TASK GOAL =
Output only the lines that run from the line holding "SONY SEL35F28Z Compact" to the end of the data below, including both ends, without any pictures.

DATA BELOW =
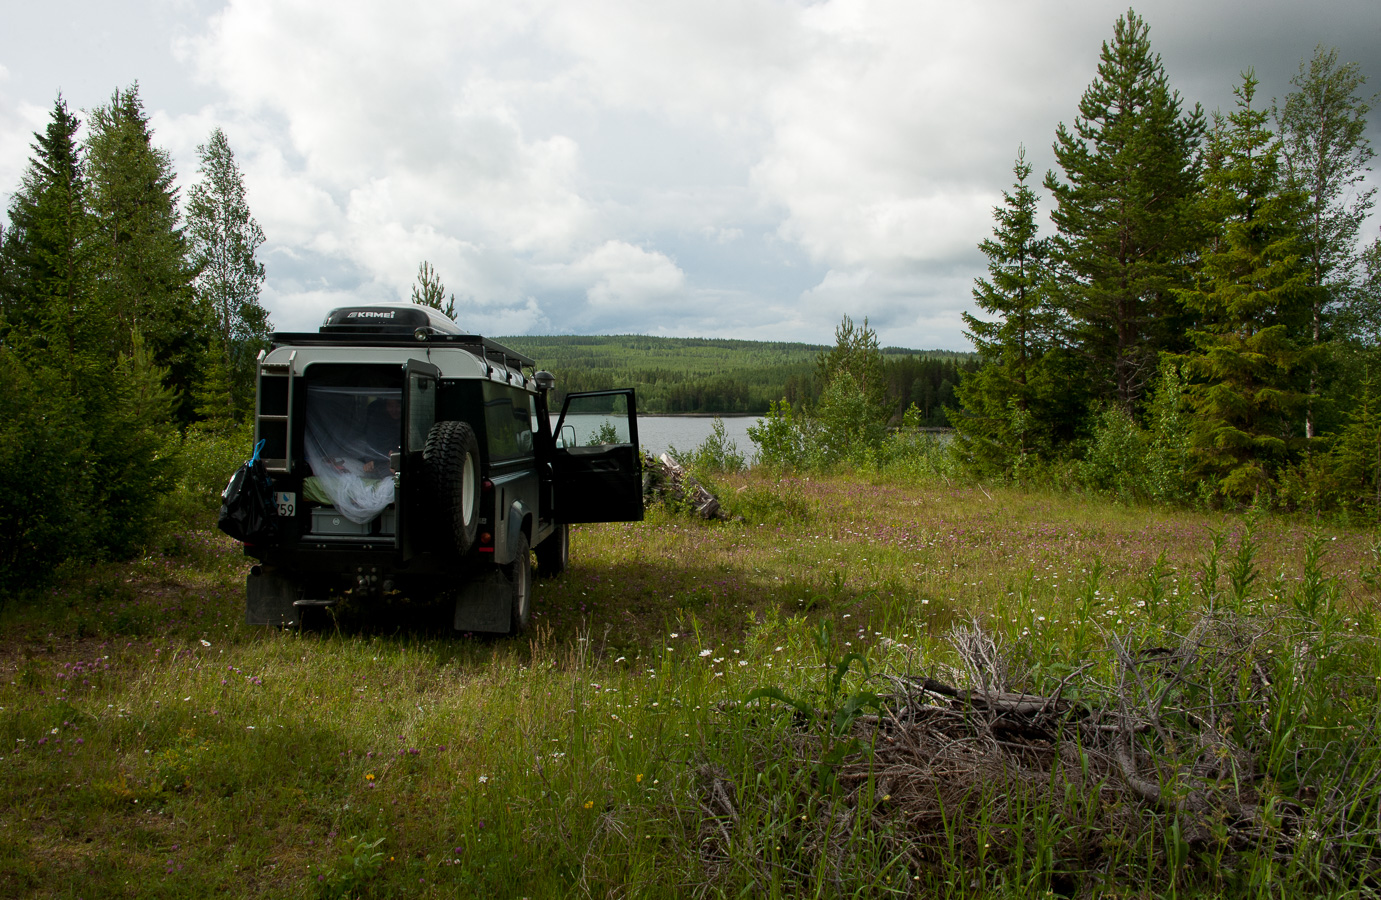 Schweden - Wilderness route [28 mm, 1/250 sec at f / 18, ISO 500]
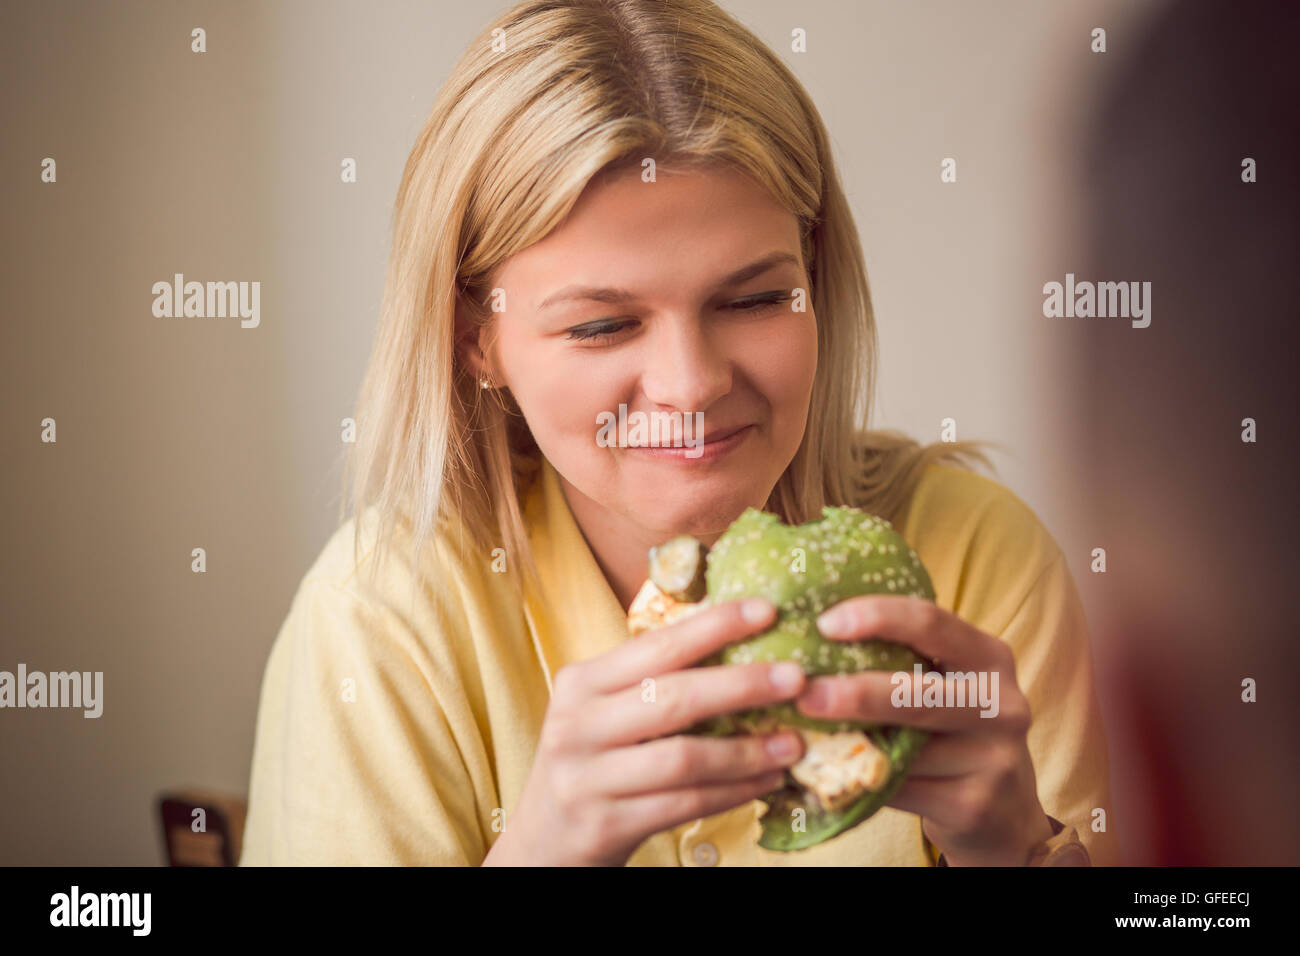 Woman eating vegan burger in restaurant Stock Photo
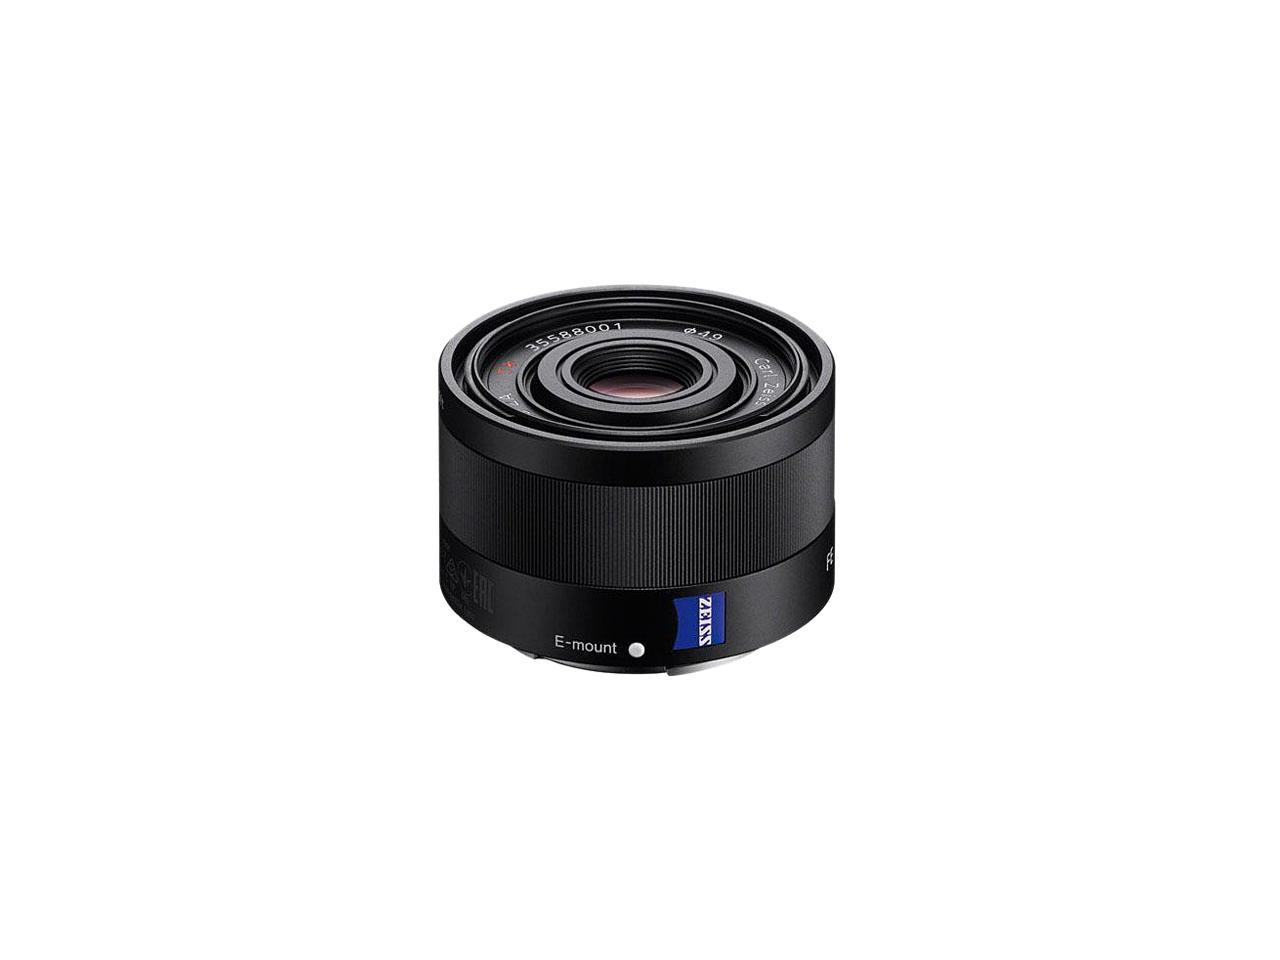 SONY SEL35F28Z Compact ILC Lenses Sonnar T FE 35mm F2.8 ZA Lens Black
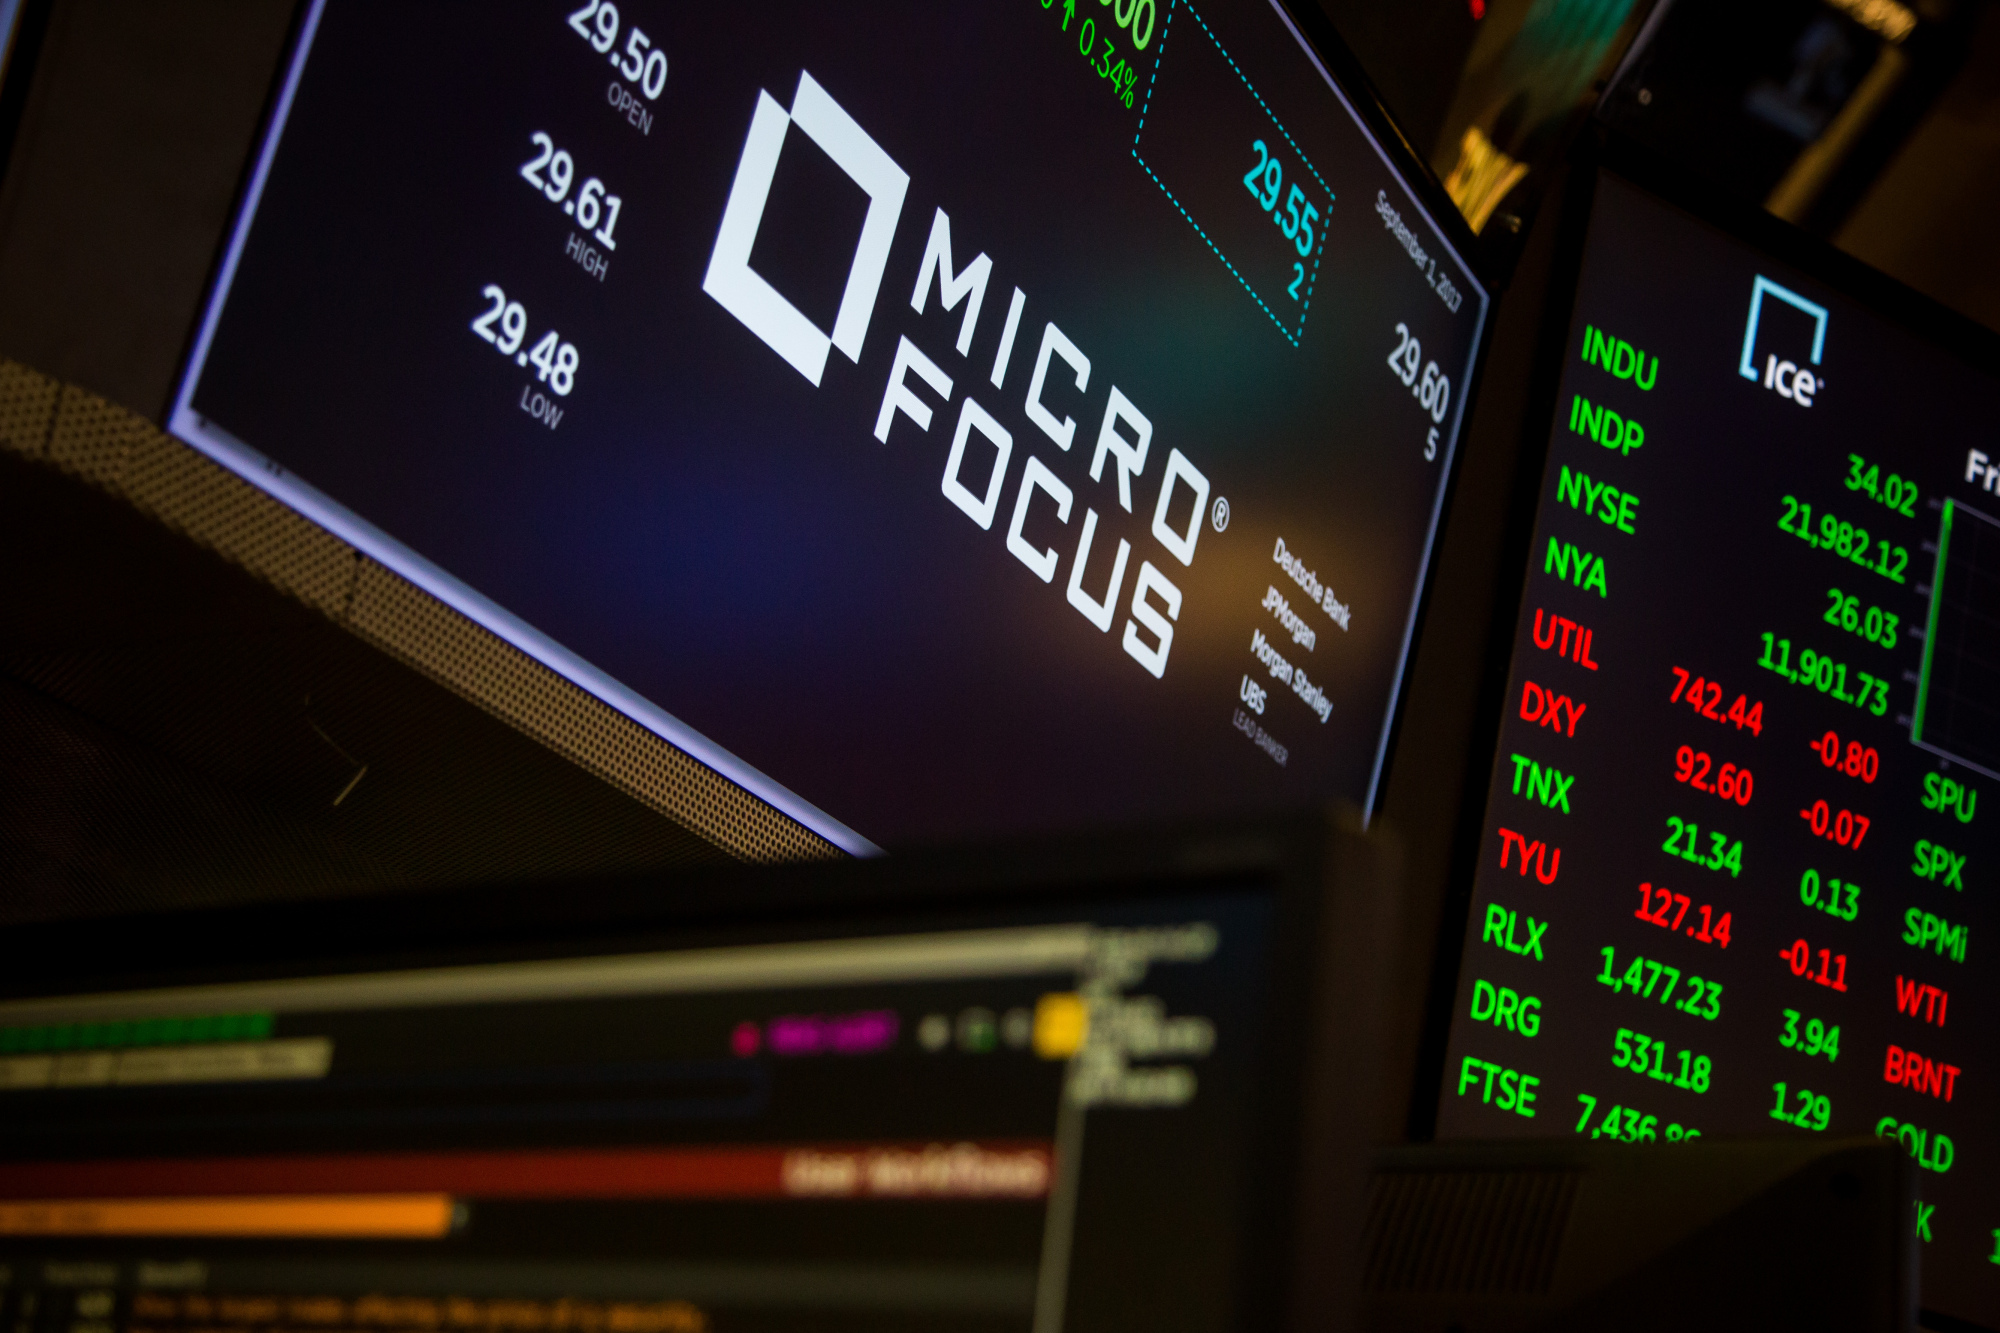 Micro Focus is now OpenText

YOUR RESPONSE =
 SONY SEL35F28Z Compact ILC Lenses Sonnar T FE 35mm F2.8 ZA Lens Black
 Micro Focus is now OpenText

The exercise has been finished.